Sie hat uns bis gestern abend keinen Bevollmächtigten geschickt, sondern durch ihren Botschafter mitteilen lassen, daß sie zur Zeit erwäge, ob und inwieweit sie in der Lage sei, auf die englischen Vorschläge einzugehen; sie würde dies England mitteilen.
Meine Herren Abgeordneten! Wenn man dem Deutschen Reich und seinem Staatsoberhaupt so etwas zumuten kann, und das Deutsche Reich und sein Staatsoberhaupt das dulden würden, dann würde die deutsche Nation nichts anderes verdienen, als von der politischen Bühne abzutreten.

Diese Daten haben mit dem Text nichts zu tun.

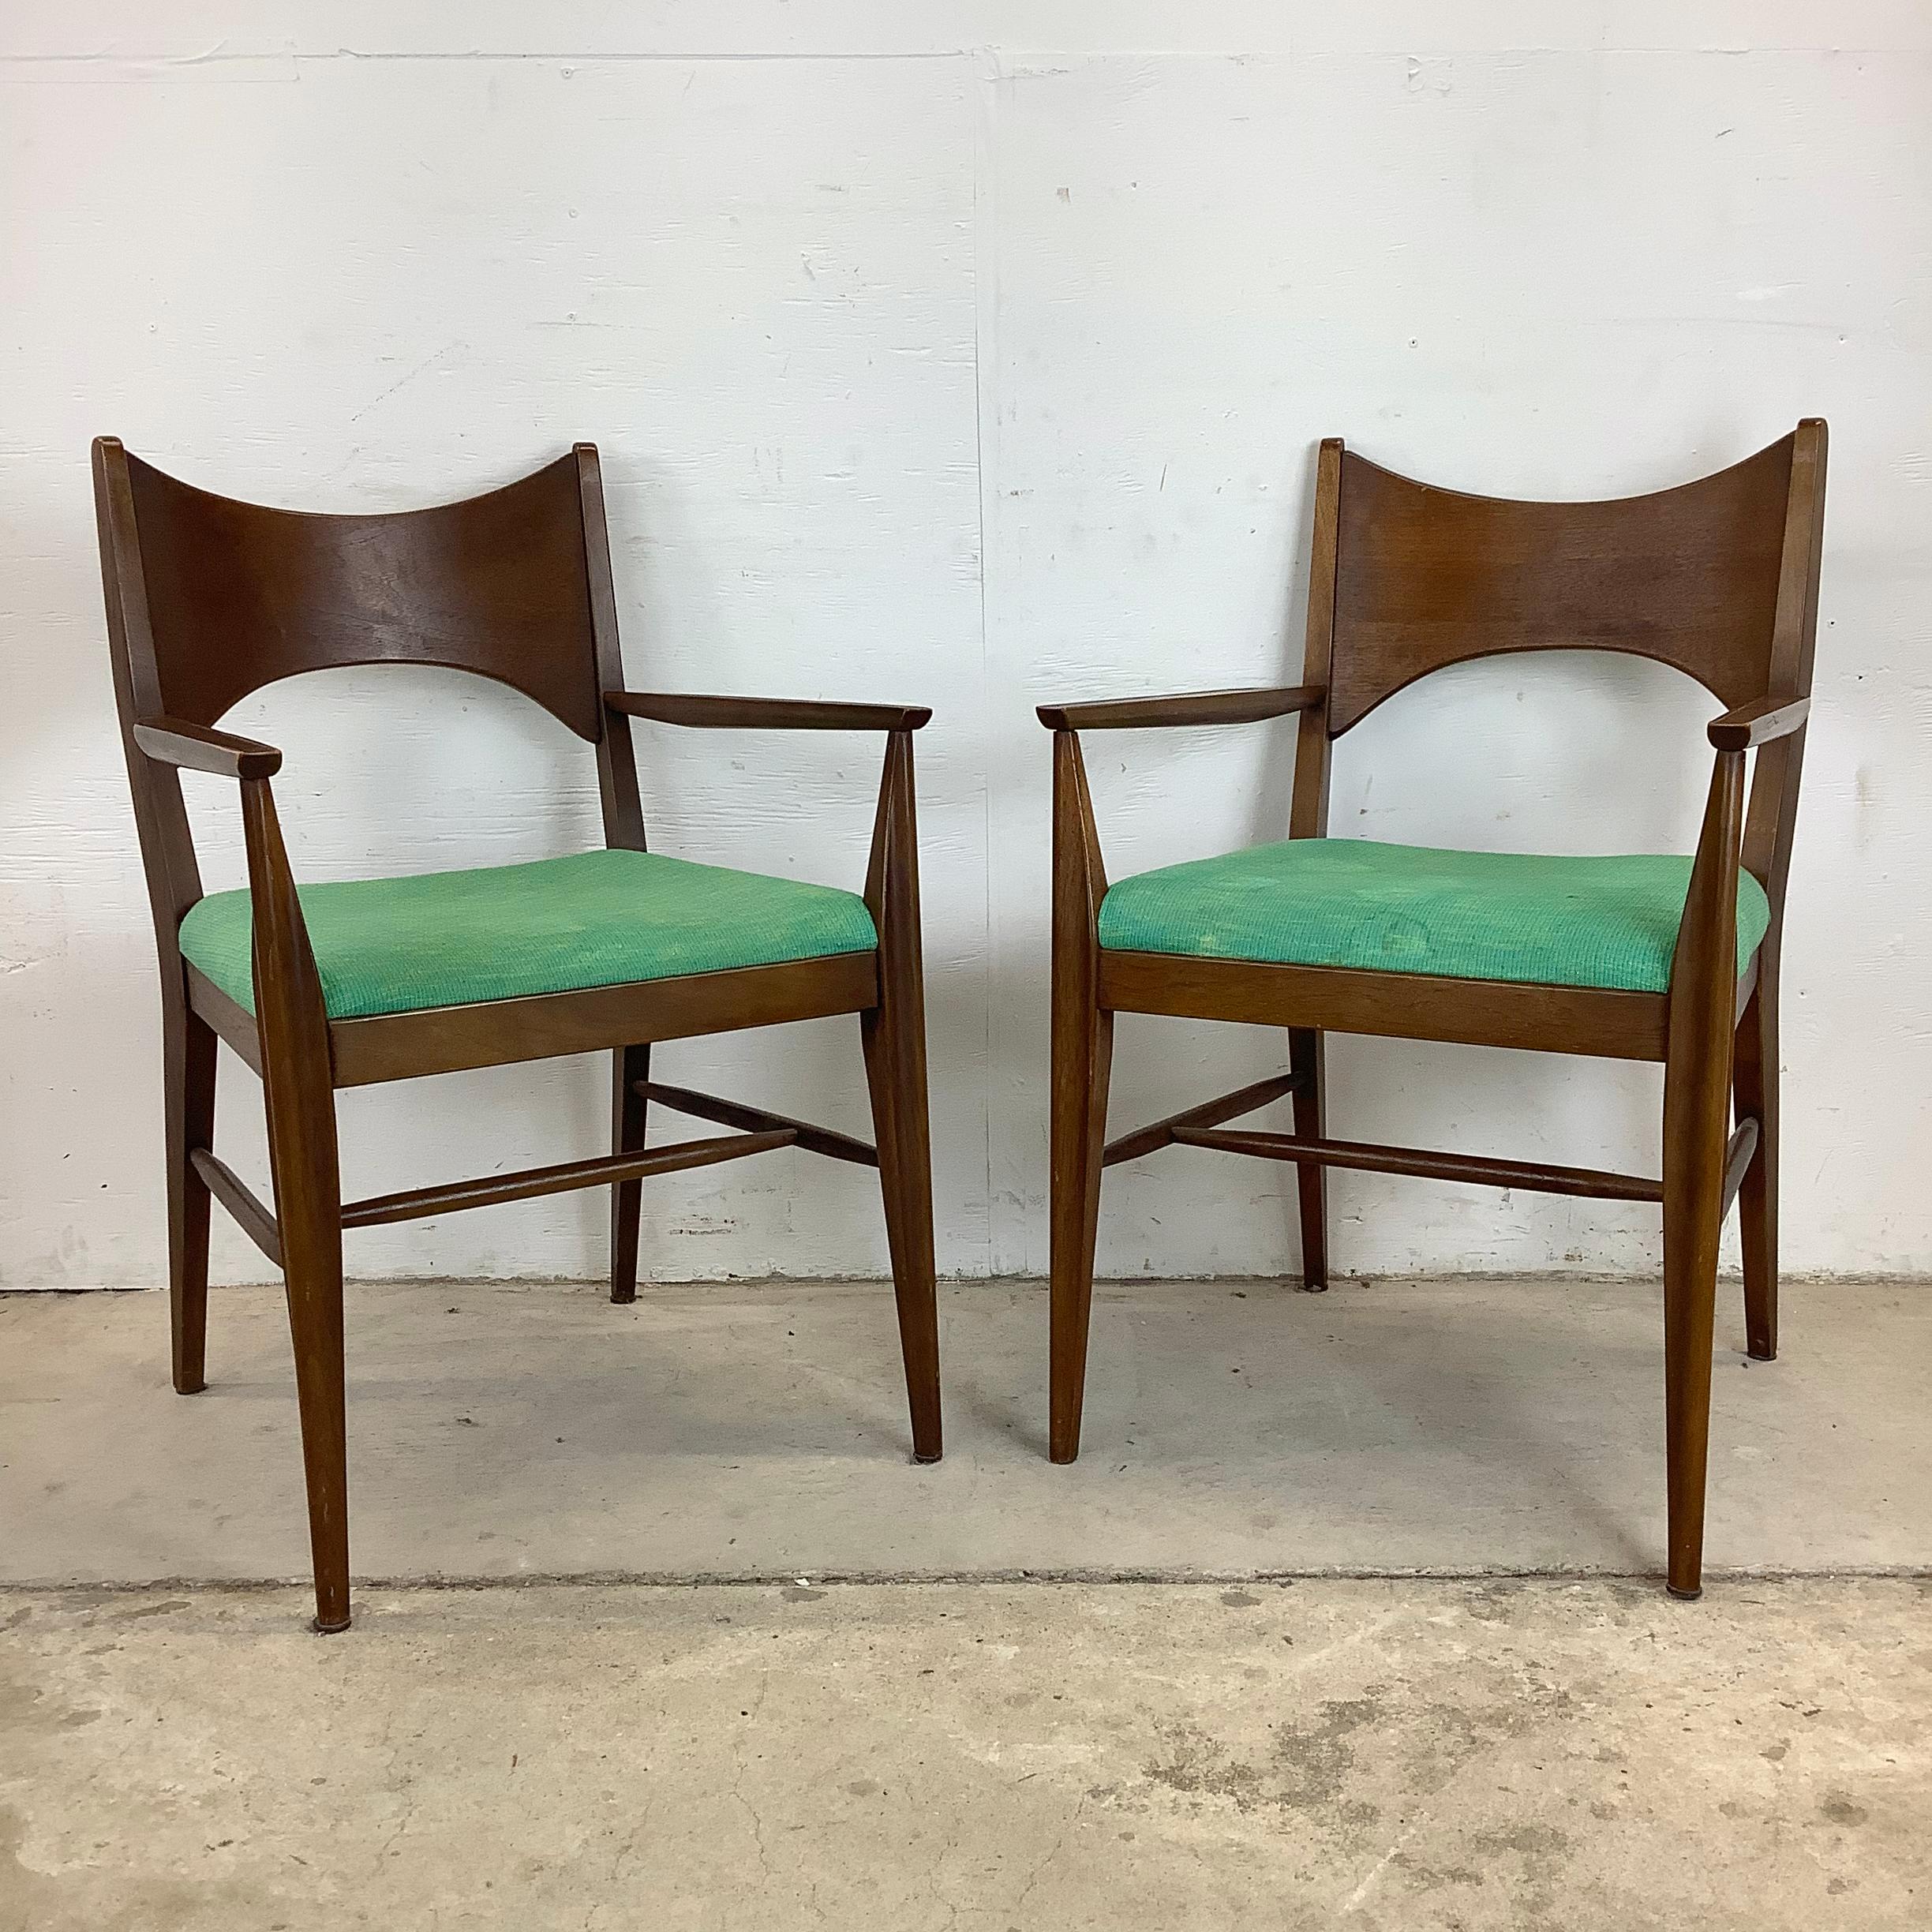 Introducing this striking set of mid-century Broyhill Saga Dining Chairs – a timeless blend of style, comfort, and quality. Crafted with exquisite attention to detail, these chairs boast the iconic design and quality craftsmanship synonymous with

Meine Friedensliebe und meine endlose Langmut soll man nicht mit Schwäche oder gar mit Feigheit verwechseln!
Ich habe daher gestern abend der britischen Regierung mitgeteilt, daß ich unter diesen Umständen auf seiten der polnischen Regierung keine Geneigtheit mehr finden kann, mit uns in ein wirklich ernstes Gespräch einzutreten.
Damit sind diese Vermittlungsvorschläge gescheitert. Denn unterdes war als Antwort auf diesen Vermittlungsvorschlag erstens die polnische Generalmobilmachung gekommen und zweitens neue schwere Greueltaten. Diese Vorgänge haben sich nun heute nacht abermals wiederholt. Nachdem schon neulich in einer einzigen Nacht 21 Grenzzwischenfälle zu verzeichnen waren, sind es heute nacht 14 gewesen, darunter drei ganz schwere.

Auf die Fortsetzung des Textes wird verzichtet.